I'm not into lyrics or "story songs", but I dig other aspects of music: a groovy bass line, a soulful vocalist, tight harmonies, unusual instrumentation, exceptional tone, original technique, surprising syncopation, or maybe an incredibly poignant note in a solo -- one that fits the context of the song perfectly! In short, I'm more inspired by the delivery of the message than the message itself.

Also, rather than entire songs, there are specific moments in certain songs that always excite me; always send multiple chills down my spine. So instead of favorite songs, I have favorite "musical moments". Here are a few...
  • "Machine Gun" -- Jimi Hendrix -- It's difficult for me to describe my relationship to this song. So much power from three people. Amazing vocals, both Jimi and Buddy. Forceful, soulful drumming. It's the tone of the guitar I love the most, of course. It's angry. At (3:11) singer and guitar are one. At (4:00) the player finally relents to the guitar's obvious desire and lets it scream. One angry, long sustained scream to introduce a solo. Not overplaying. Just one fantastic note. Gives me chills every time.
  • "Gimme Shelter" -- The Rolling Stones -- The intro always blows me away; dark and gently descending, culminating in that note at (0:50) Richards holds on the verge of feeding back with beautiful vibrato, one of those notes on a hollow-body that resonates to the point of shaking furniture if left unchecked.
  • "Hey" -- Pixies -- I love how he sings "If you go, I will surely die" at (0:36). I also love the guitars throughout, both the bass/rhythm interplay and the lead. The chorus is beautifully unusual, the word "chained" alternately and unapologetically broken. The entire second verse is a masterpiece, "Said the man to the lady... the sound that the mother makes when the baby breaks". I even like the lyrics on that one, but loved the way he sings that last line long before I realized what he was saying! ;-)
  • "There There" -- Radiohead -- These guys are like musical crack. And this song is exceptionally potent. One of my favorite bike-riding tunes. I always get chills when the background vocals come in at (2:01). I have no idea what they're singing.
  • "My Funny Valentine" -- Miles Davis -- When he flattens that note at (1:06) , he turns the whole song much darker and mysterious.
  • "Georgia on My Mind" -- Jerry Reed -- A study in timing. Both the intro and the outro are amazing, especially the harmonics at the very end. I love when he says "Yeah" at (2:21), himself seemingly amazed at what his own fingers are doing. He indeed has amazing fingers, but not all of his recordings reflect this. Fortunately, every track on "Explores Guitar Country", beginning with this one, does. Did I mention how amazing he is? ;-)
  • "Advance Romance" -- Frank Zappa -- Ok, I admit the opening lyric to this song initially hooked me. How can you not pay attention to a song that opens with "No more credit at the liquor store"? Wow! Love the drumming and slide guitar on this one, too.
  • "Bohemian Rhapsody" -- Queen -- Everyone loves this song, and for good reason. And what's the image in your head at (4:08)? The "Pacer scene" in the movie, Wayne's World, right? :-)
  • "I'll Take You There" -- Staple Singers (1:15) The solo begins with the piano trills and ends with the forever-familiar bass breakdown, the rim shots, kick drum accents and Mavis' vamping throughout. Love that groove.
  • "Statesboro Blues" -- Allman Brothers Band -- For my money, Duane achieved perfection on this recording. His slide has such a vocal quality, as if it's translating Greg's lyrics for all the guitars in the audience.
  • "Reelin' in the Years" -- Steely Dan -- Most people have no clue who Elliot Randall is. He's known mainly for one thing: he's the guitarist on this song. It was recorded in one take. The lick he plays around (4:02) in the outro is one of my all-time favorites in all of guitar-lick-dom.
Those are but a few of many. What are yours?

Friday, January 19, 2007

Learning (to hear) an Instrument

I'm a pretty good guitar player. Been playing since I was maybe 12 or so, and I'm self-taught, which is why it took me so long to get any good. A great teacher can make you better faster.

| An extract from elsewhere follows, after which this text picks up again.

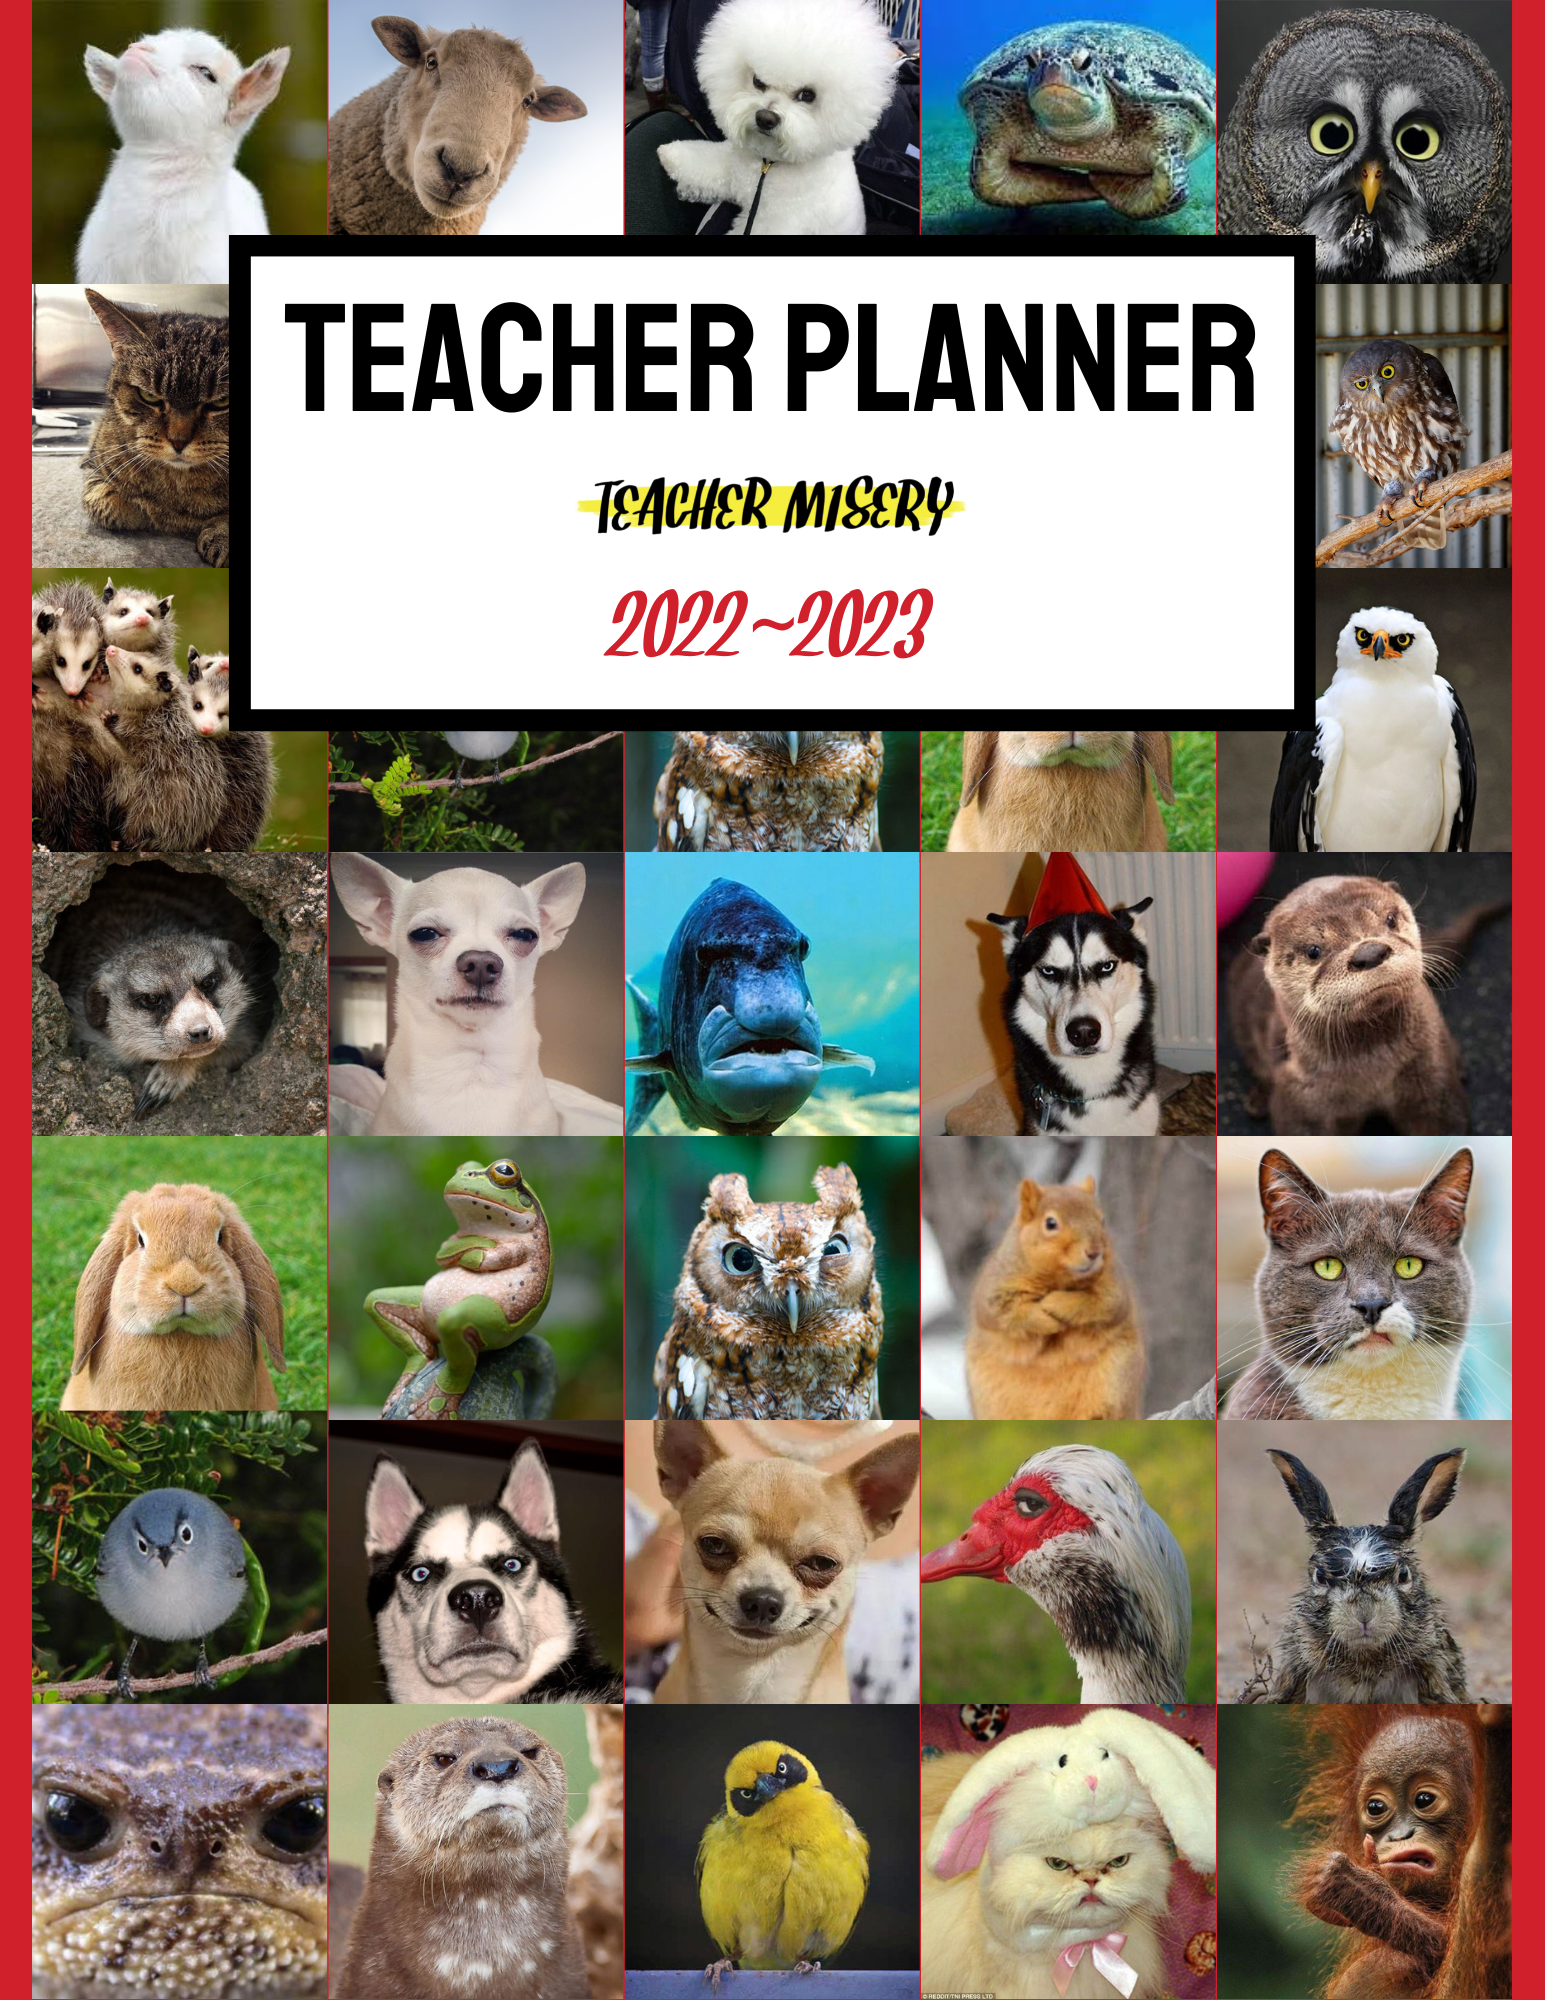 Teacher Misery teacher planner 2022-2023.

But there aren't a lot of great teachers. If you really want to learn an instrument, you're going to have to teach yourself, and to do that you need to do two things:
  • Tap your foot
  • Listen
Always tap your foot when you play anything. Always, always, always. If not your foot, some other limb or digit. You must develop your rhythm. Timing is everything. Beginning musicians neglect rhythm/meter/tempo. They're too focused on pitch/melody/harmony. The tune means nothing without the rhythm. Don't tell me you can play something unless I can dance to it and/or accompany you, and your sense of rhythm is what enables me to do that. Tap your foot when you practice, always.

The Internet has produced two great tools for budding instrumentalists: tablature and YouTube. But without a good ear, they're dangerous, because quite frankly, most tablature available on the Internet is wrong and most YouTube performers suck. There are, of course, plenty of valuable exceptions, but even bad tablature and sucky performers can teach you something...

I'm not telling you anything new, of course. You already know the tabs/videos are wrong, because they don't sound quite right. Recognizing this is a big step! Unfortunately, your mind can trick you into thinking what you're playing is correct. If you practice it enough, you'll begin to think it's right, simply because through practice you've become better at playing it, even though it's not exactly what the artist you're trying to emulate is playing.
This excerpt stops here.